Output Formats: WAV vs. HDF5

You can export clips in two formats using the output_format argument: "wav" or "hdf5".

1. WAV Output (output_format = "wav")

Creates a standard directory tree: output_dir/{type}/{bird_id}/{day_post_hatch}/{prefix}_xxx.wav.

When to use WAV: * You want to manually listen to the files or inspect them in Praat/Audacity. * You are sharing the data with collaborators who rely on standard audio software.

A companion metadata.csv is automatically generated in the out folder to map each file to its exact source and original timestamp.

2. HDF5 Output (output_format = "hdf5")

Compiles all audio data directly into a single, hierarchical matrix file (.h5).

When to use HDF5: * Machine Learning: Perfect for training PyTorch/TensorFlow models. Data loaders can stream directly from a single chunked binary file much faster than opening thousands of tiny .wav files. * Large-scale Datasets: Prevents file system exhaustion (inodes) when exporting tens of thousands of motifs on compute clusters.
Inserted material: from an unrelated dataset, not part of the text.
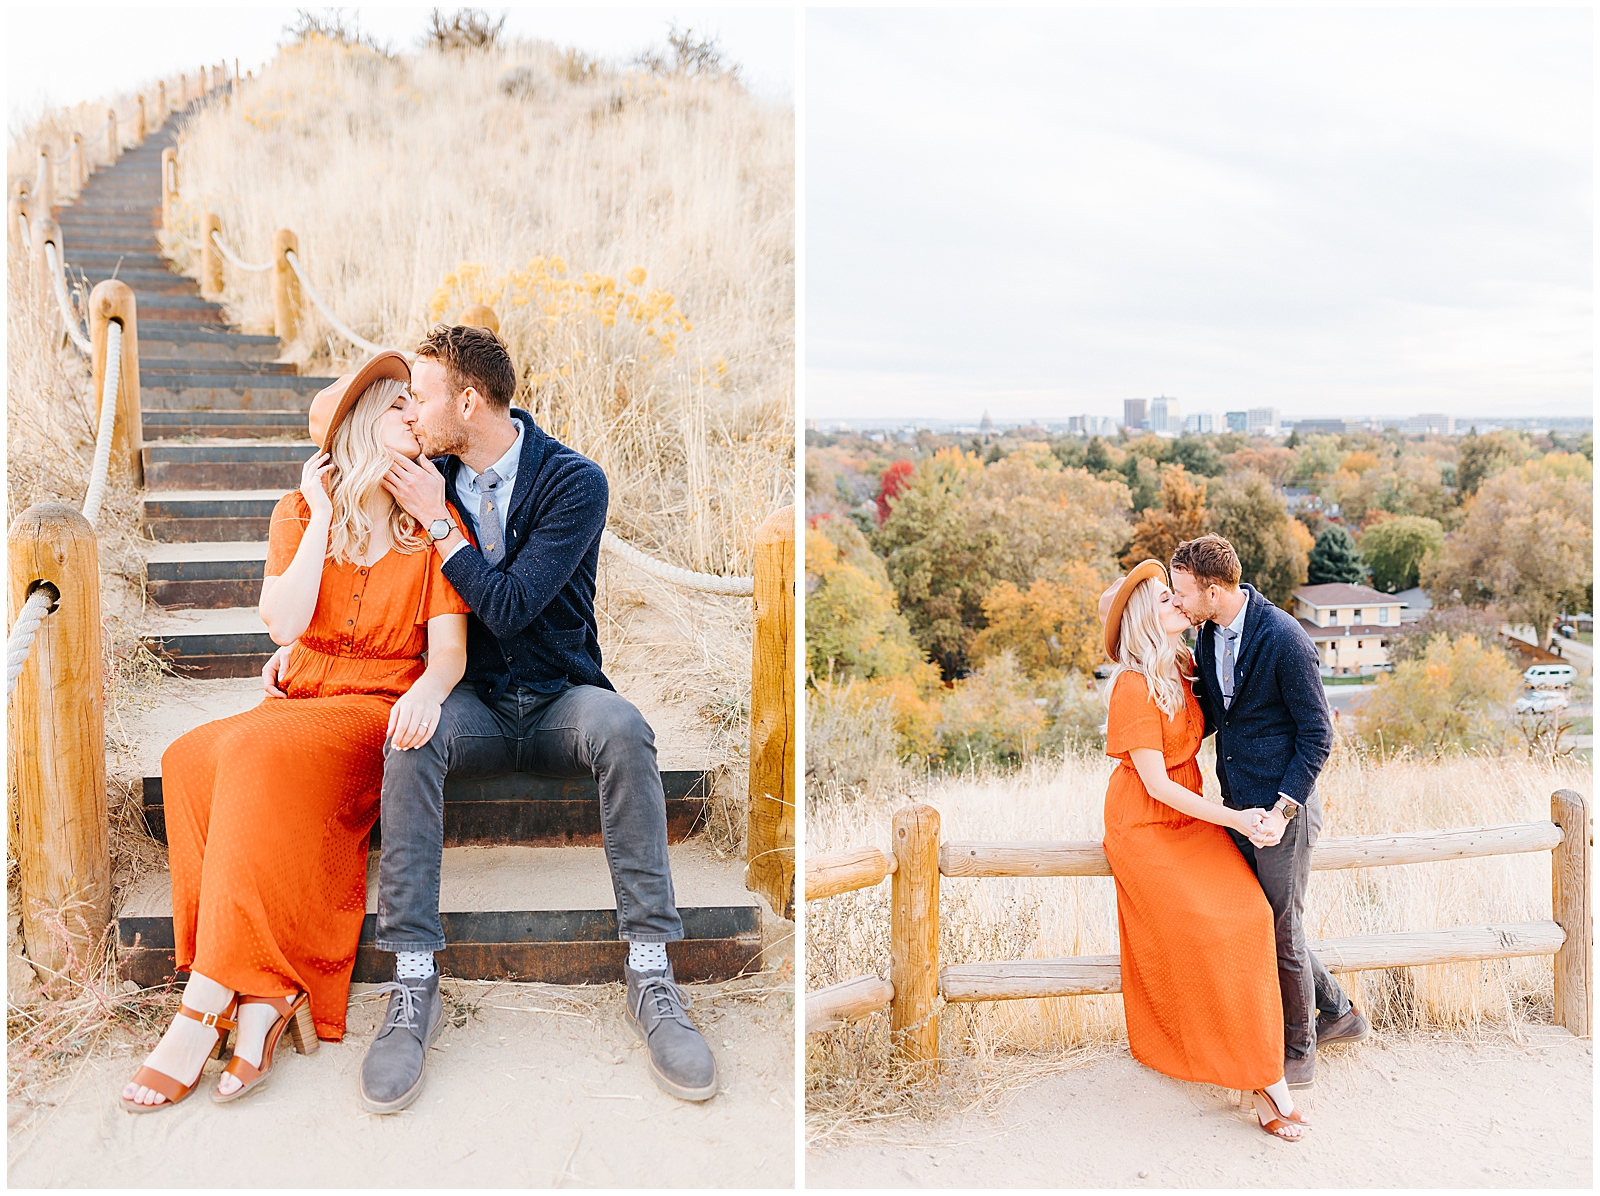 Dreamy October Fall Engagement Photos in foothills of Boise Idaho

sap <- create_motif_clips(
    sap,
    output_format = "hdf5",
    output_dir    = "ml_dataset",
    hdf5_filename = "training_motifs.h5"
)

Building a Multi-Bird Master Database

Creating an HDF5 export directly from ASAP is convenient when working with a single bird. However, if you are building a large Master Database spanning multiple animals, I recommend a WAV-first strategy:

  1. Export as WAV: Use output_format = "wav" to save all clips and a consolidated metadata.csv for each bird.
  2. Combine in Python: Use Python (h5py and pandas) to assemble the WAV files into your final HDF5 database.

Why? * Speed: R writes thousands of individual WAV files significantly faster than it handles serialized, chunked HDF5 attributes. * Traceability and Safety: WAV files sit natively on your hard drive, allowing you to inspect, listen, or delete bad clips visually before finalizing the machine learning dataset. If an export crashes midway, your WAV files are perfectly safe, whereas an incomplete HDF5 file becomes corrupted.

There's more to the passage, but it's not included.